=== TASK PROMPT ===
Without including any pictures, give back all of the data exactly.

=== SOURCE DATA ===
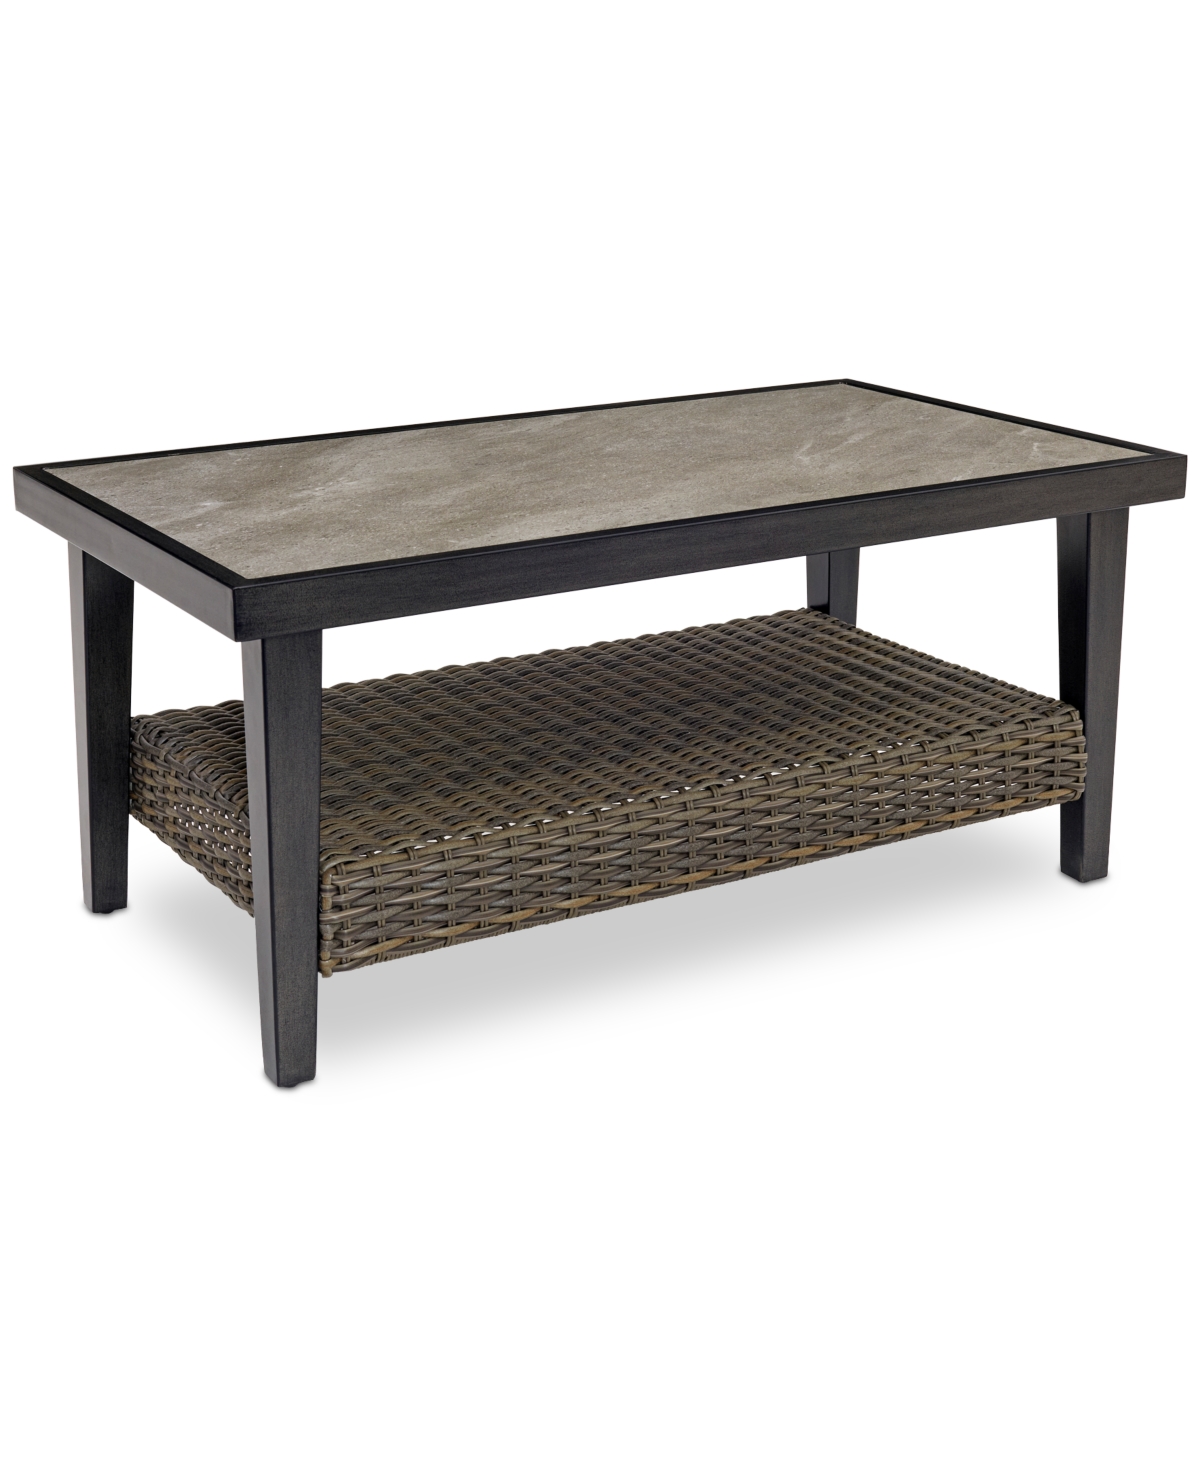 Agio Closeout! Belmont Outdoor 44"x25" Rectangle Tile Top Coffee Table In Gray
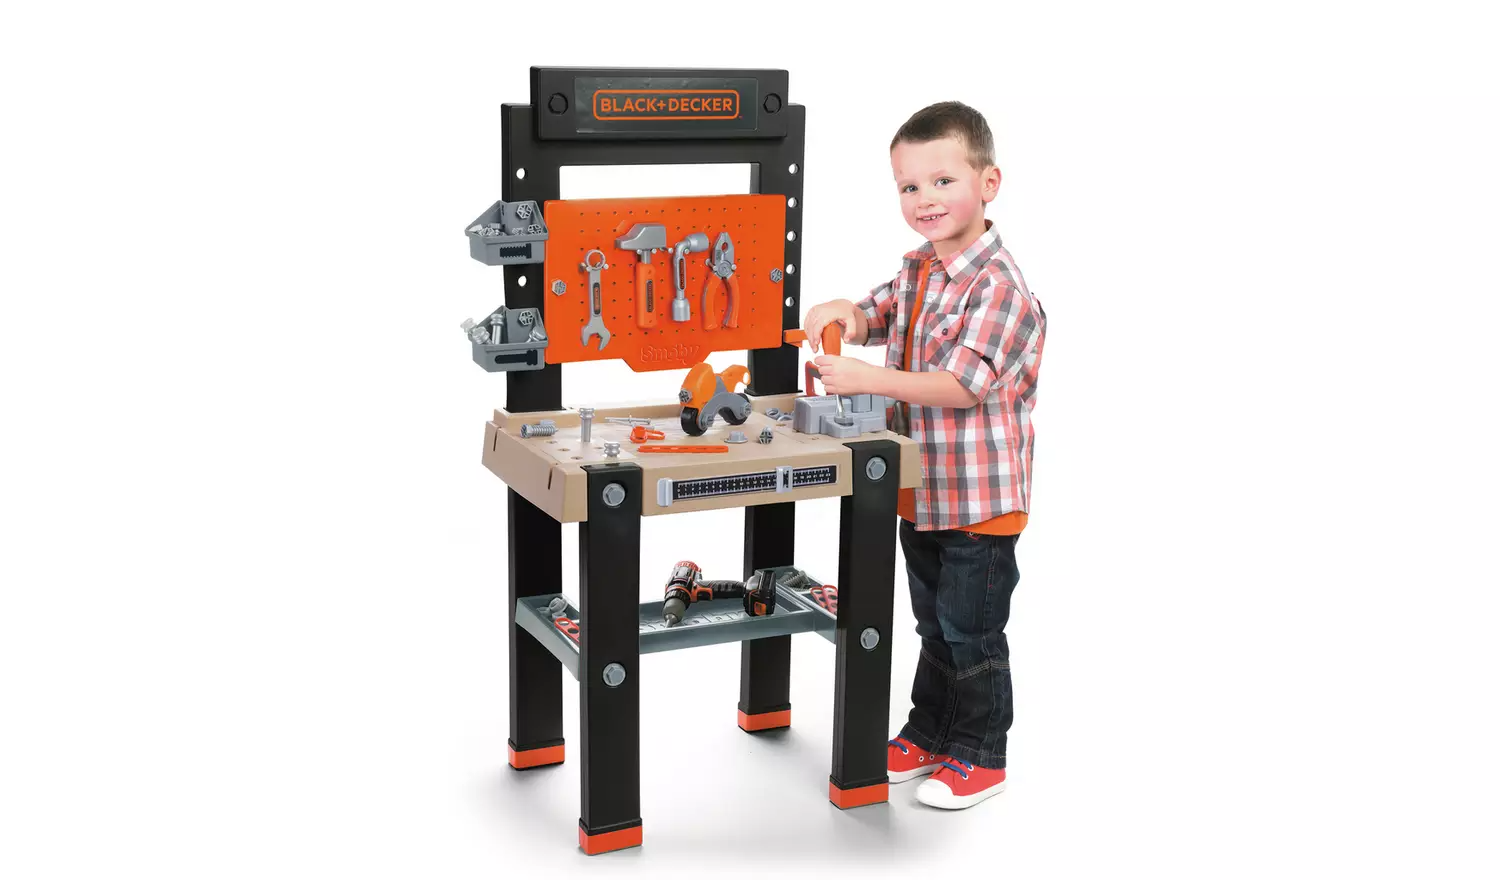 Smoby Giant Black and Decker Toy Workbench
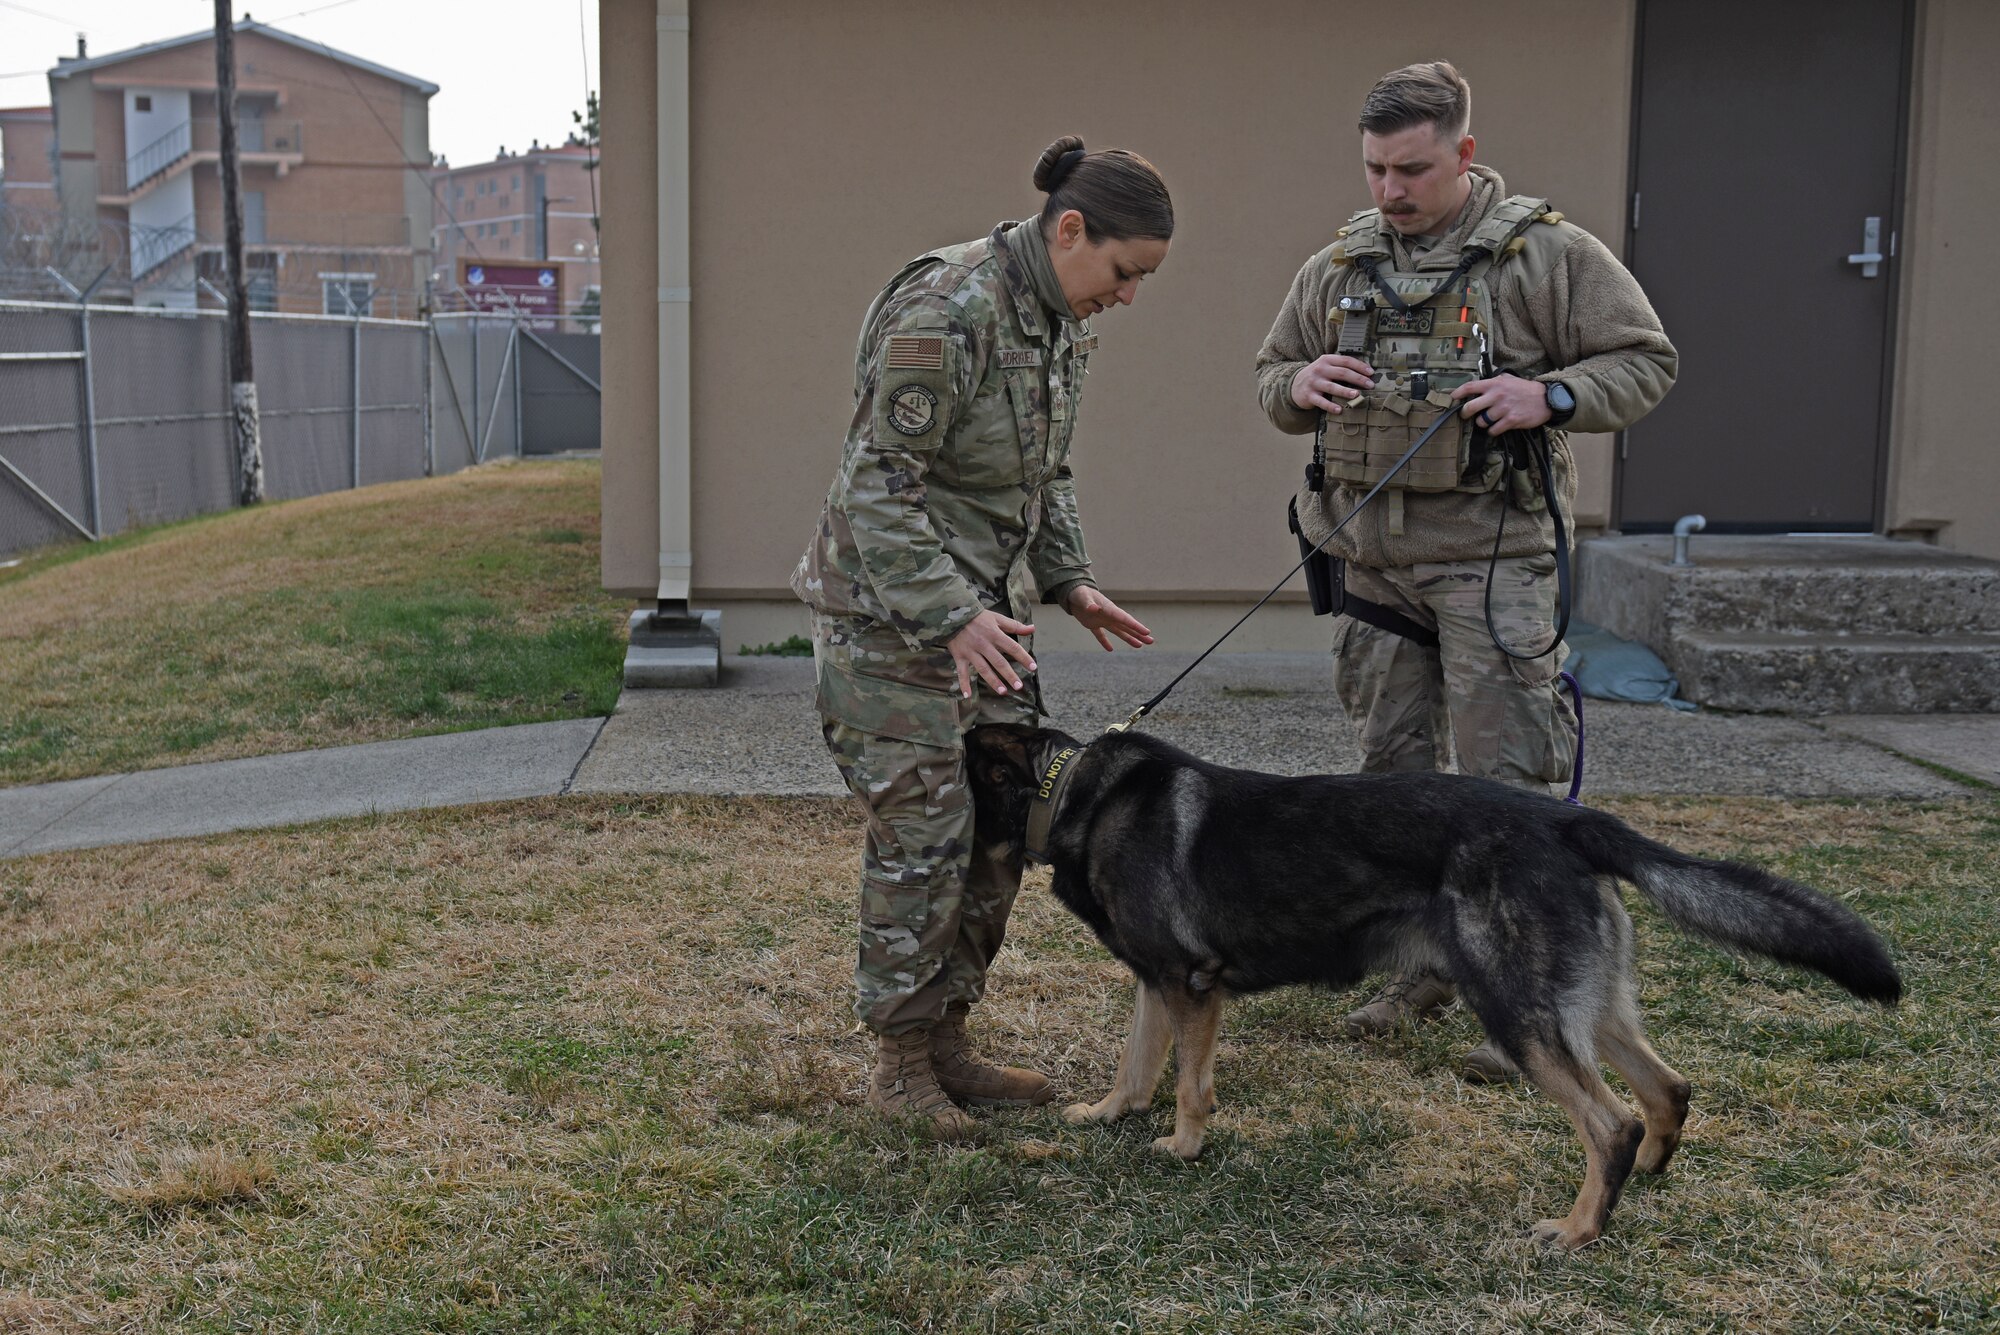 U.S. Air Force Tech. Sgt. Monica Rodriquez, 8th Security Forces Squadron Military Working Dog kennel master, demonstrates a controlled command exercise with MWD Largo for Staff Sgt. Robert Gust, 8th SFS MWD handler, at Kunsan Air Base, Republic of Korea, Dec. 10, 2019. In order to maintain discipline and order on the installation, training and readiness are of the utmost importance for the MWD section. (U.S. Air Force photo by Staff Sgt. Mackenzie Mendez)

=== FINISHED EXERCISE ===
 Agio Closeout! Belmont Outdoor 44"x25" Rectangle Tile Top Coffee Table In Gray
 Smoby Giant Black and Decker Toy Workbench
 U.S. Air Force Tech. Sgt. Monica Rodriquez, 8th Security Forces Squadron Military Working Dog kennel master, demonstrates a controlled command exercise with MWD Largo for Staff Sgt. Robert Gust, 8th SFS MWD handler, at Kunsan Air Base, Republic of Korea, Dec. 10, 2019. In order to maintain discipline and order on the installation, training and readiness are of the utmost importance for the MWD section. (U.S. Air Force photo by Staff Sgt. Mackenzie Mendez)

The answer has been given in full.